## Your assignment:
Everything in the listing below needs restating exactly, apart from the pictures.

Top of Given information

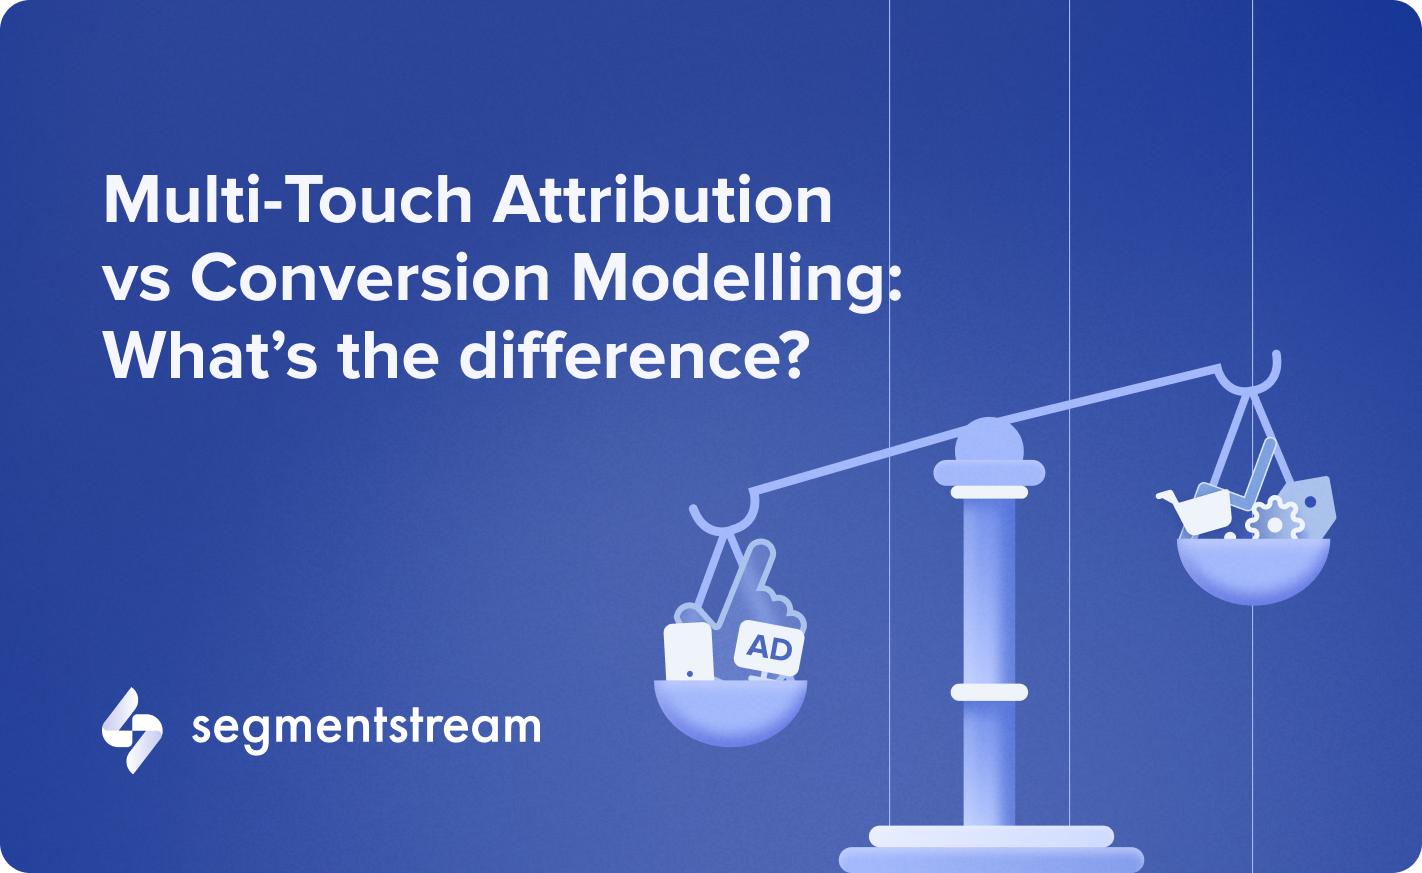 Multi-Touch Attribution vs Conversion Modelling: What’s the difference?
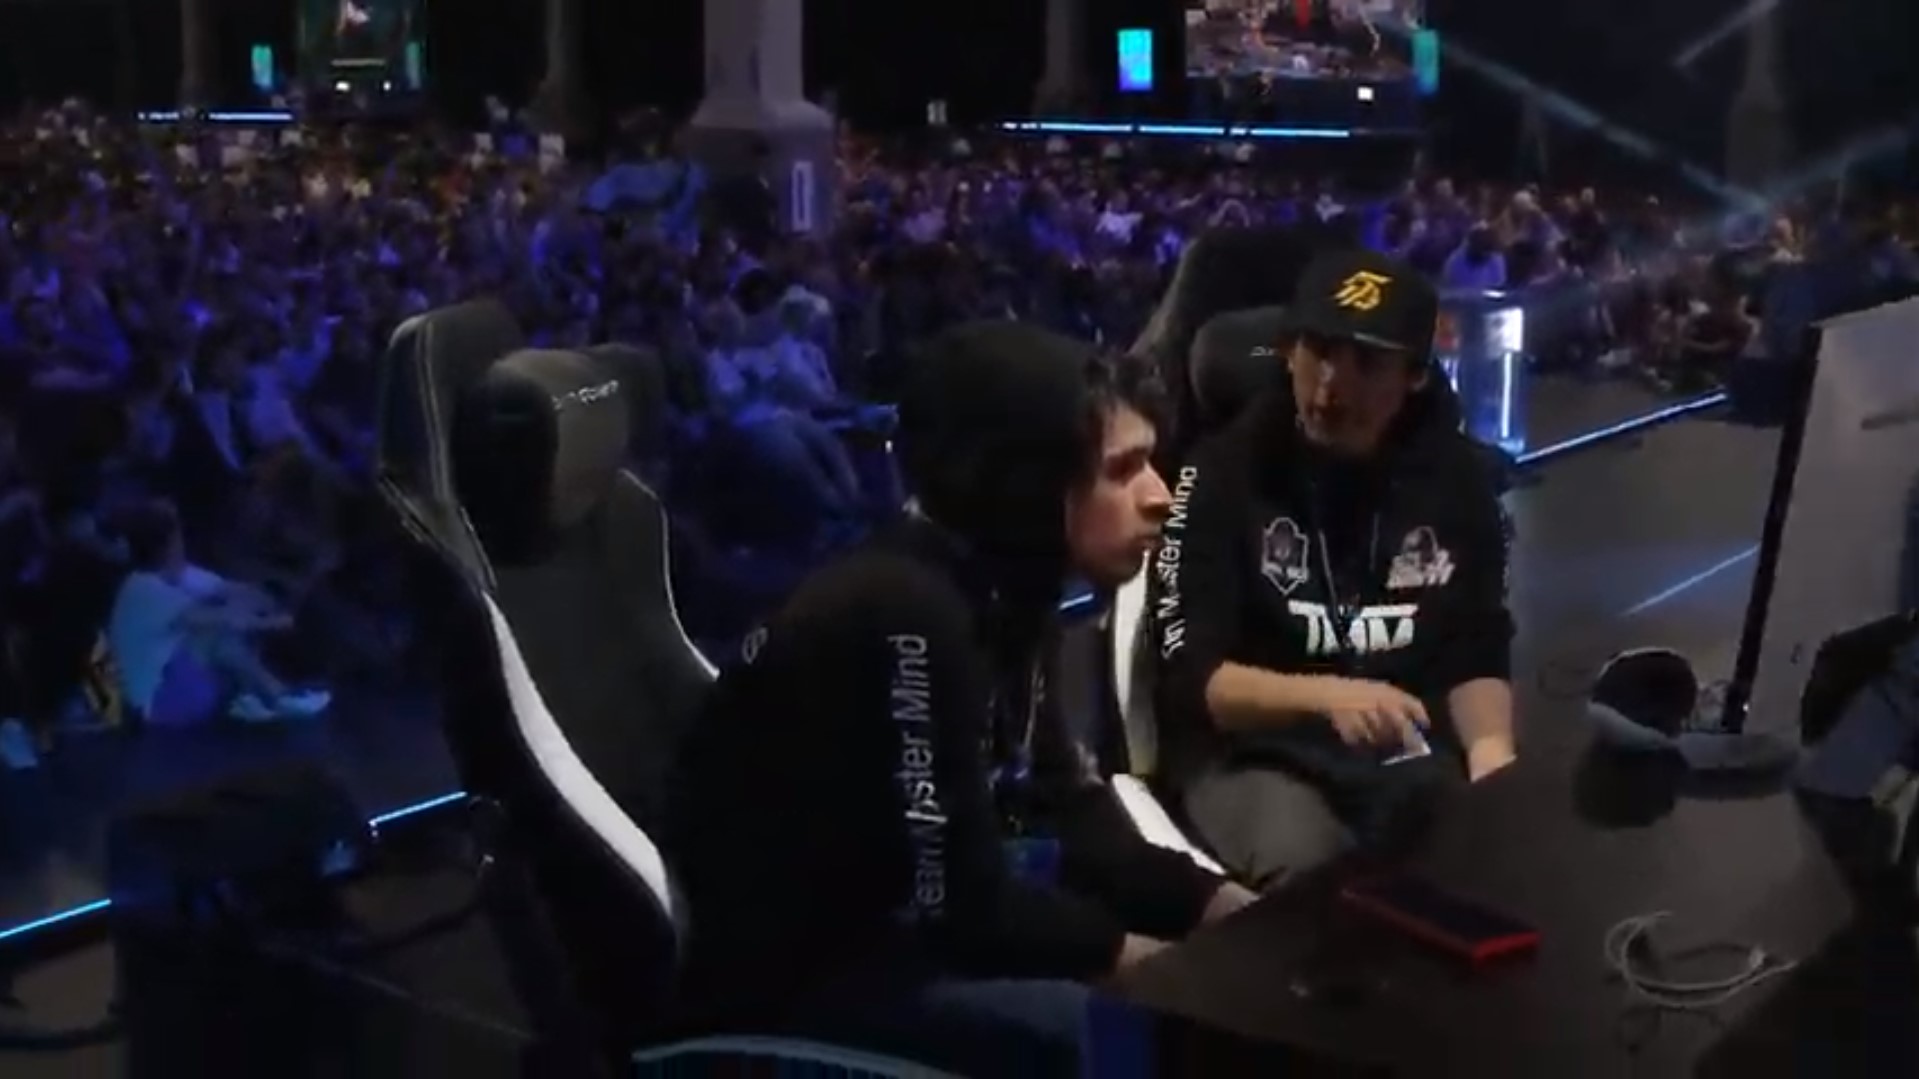 The moment the twins (Nicholas and Scorpionprocs) met at Evo 2023
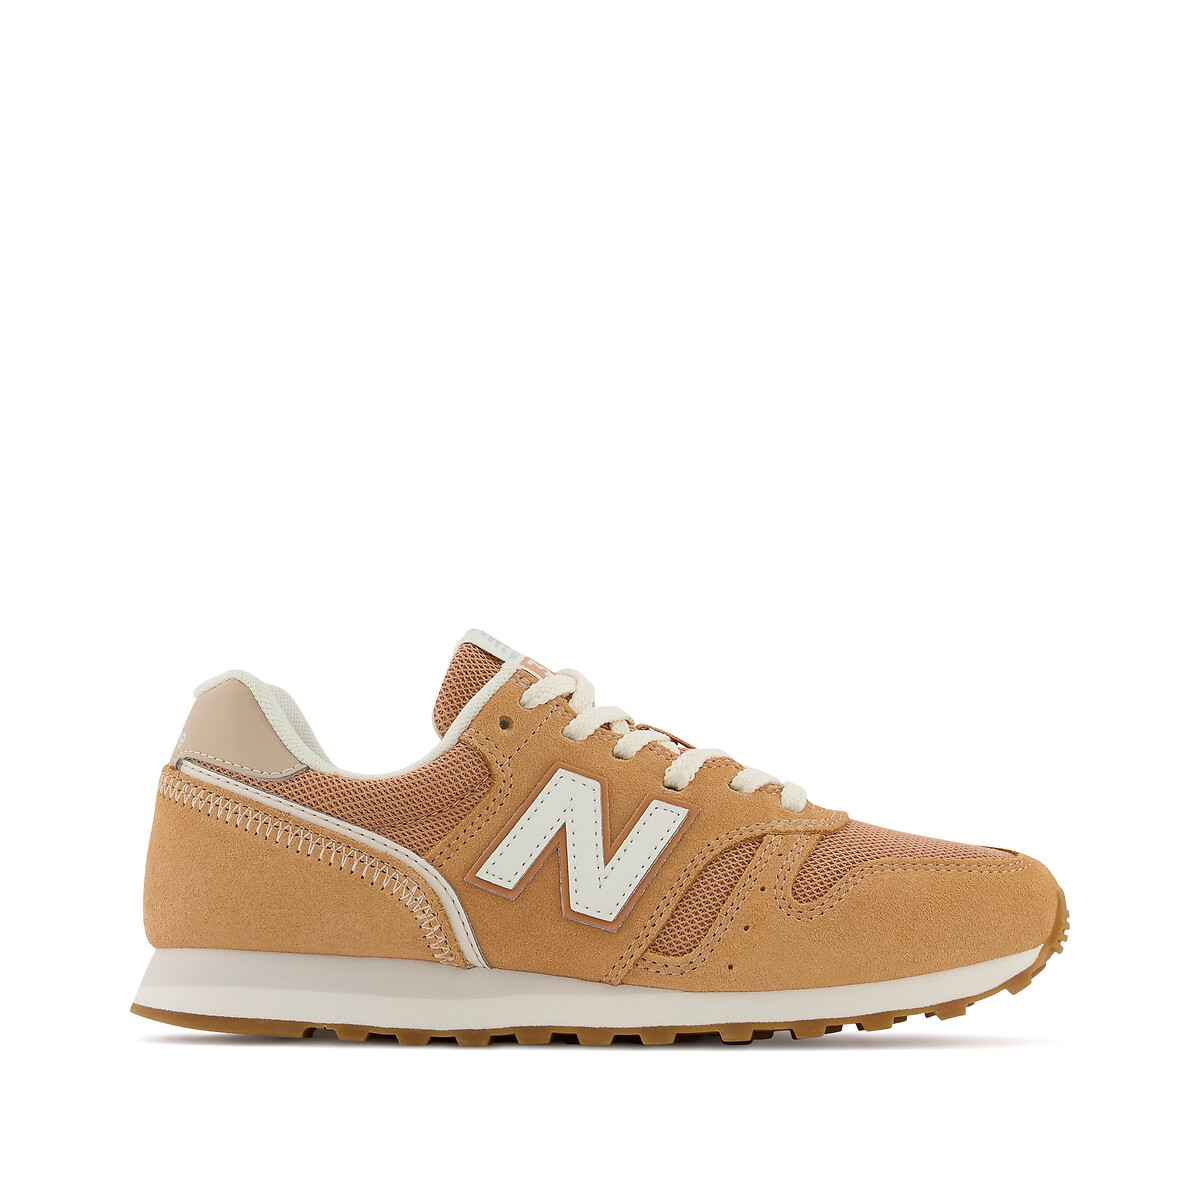 Wl373 suede trainers , caramel, New Balance | La Redoute

Bottom of Given information

## Response to this exercise:
 Multi-Touch Attribution vs Conversion Modelling: What’s the difference?
 The moment the twins (Nicholas and Scorpionprocs) met at Evo 2023
 Wl373 suede trainers , caramel, New Balance | La Redoute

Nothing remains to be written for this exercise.